At present, Avatour provides business solutions. “We are quite deliberately leaving consumer applications aside for now,” Copley says. “We have a plan for how we're going to handle them in the future, but the audience is still small, and there are other challenges. So focusing on business is just the sweet spot for us right now.” Enterprise software allows Avatour to “provide value to any company that creates value at locations. So that's such a broad range. It's manufacturing, it's retail, it's supply chain and logistics. It's utilities, it's maritime, it's franchise restaurants. We have customers that fit all of those categories.”

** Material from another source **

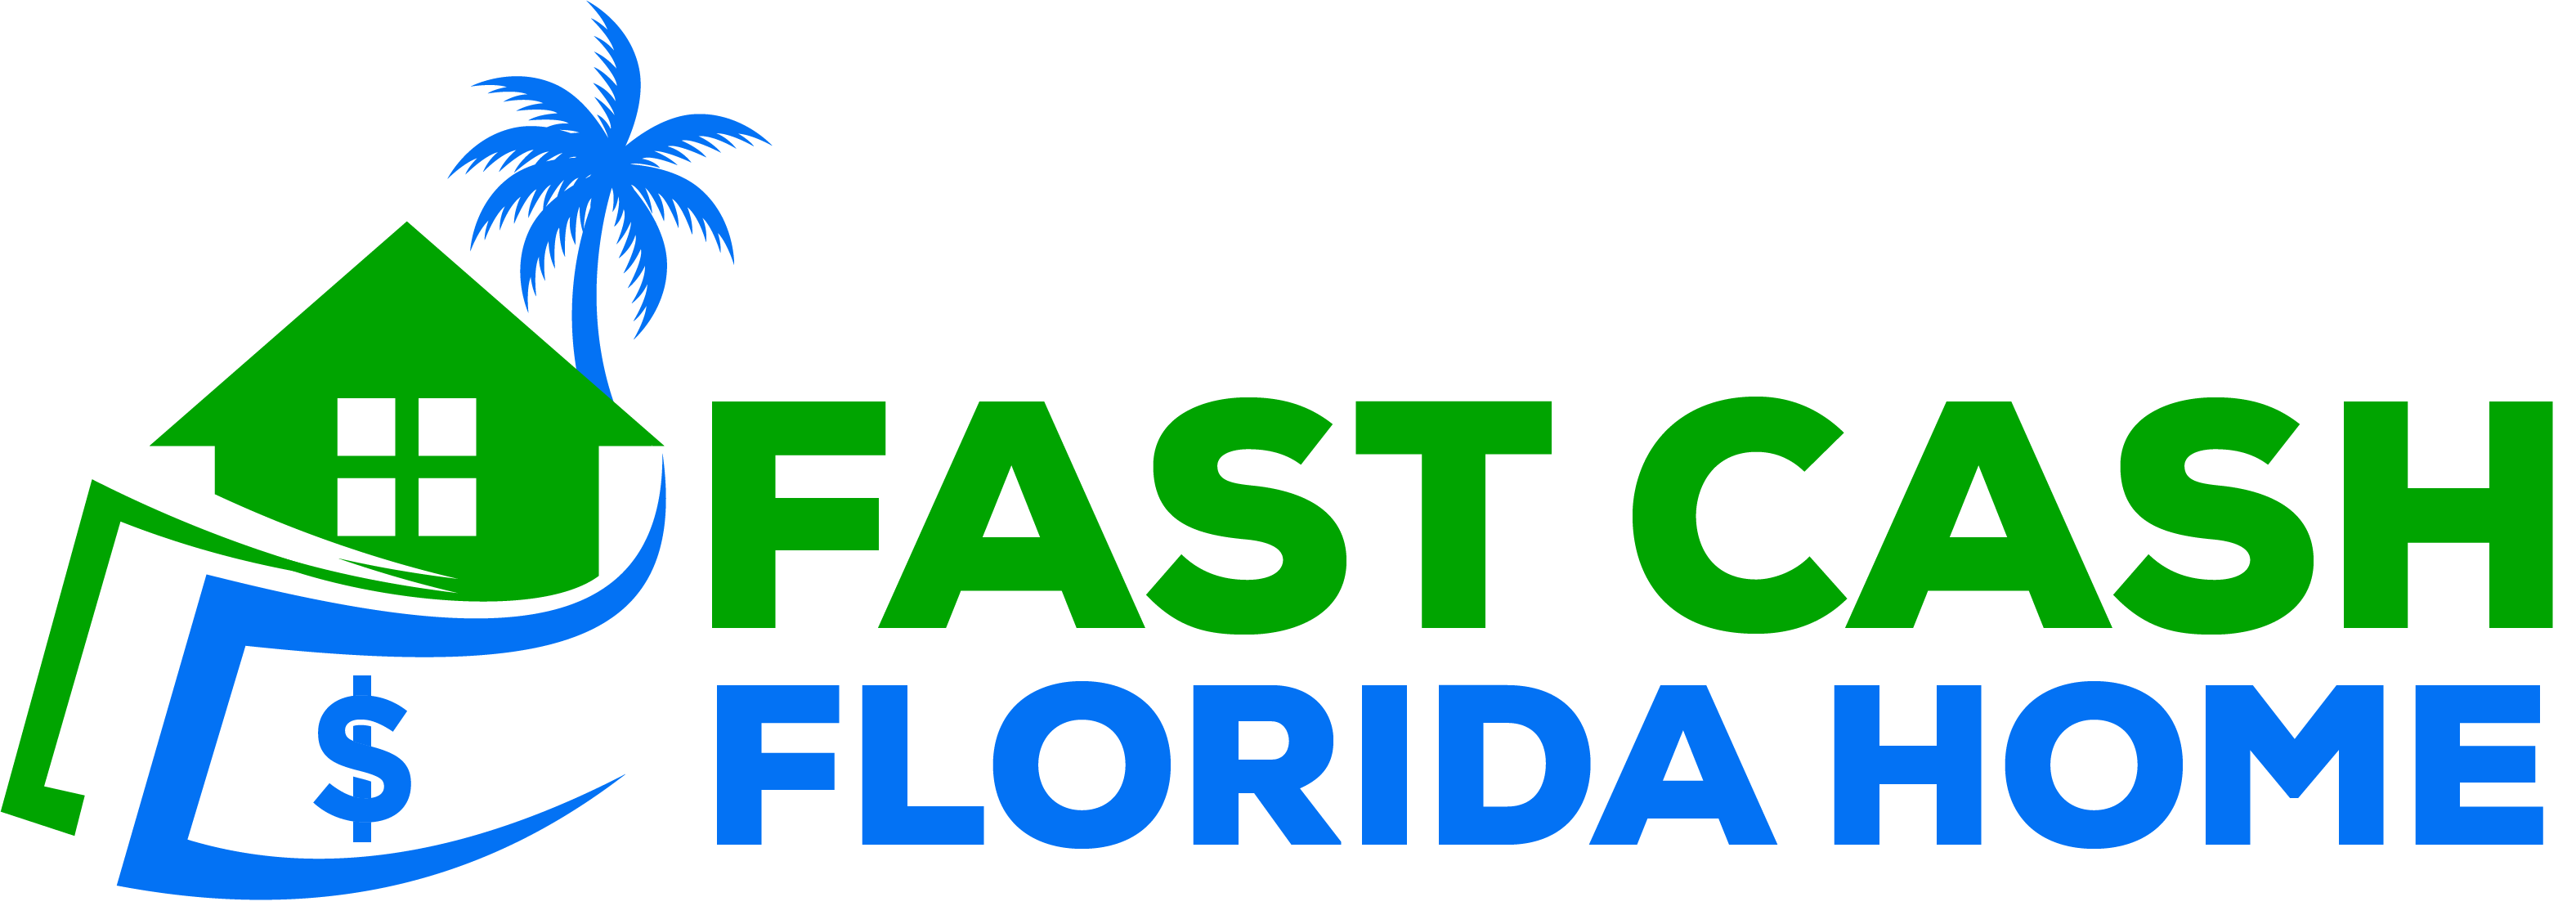 Fast Cash Florida Home logo

Copley says the company’s long-term vision is to build a “broadly horizontal” product. “When you ask what's the right vertical for Zoom, [it’s] all of them. We see site meetings as not quite as universal, but still extremely horizontal across a wide variety of industries. We're trying to build the category-defining product for that category.”

Initially, Avatour received a lot of demand from the pharma sector. It still does, but other industries have since expressed interest as well, such as retail and franchise restaurants.

Marketing is “still very much a work in progress.” The company had been heavily dependent on paid search, but it’s trying to move away from that somewhat to “longer-term lead-generation strategies.” Avatour is also trying to figure out how to incorporate broadband as it becomes more popular. “We've come up with an aspirational framing for the product, that it's not just about saving money” by reducing corporate travel costs, Copley says. “It's about redefining your operations. It's about bringing innovation to your firm. It's about leading the way in your industry.”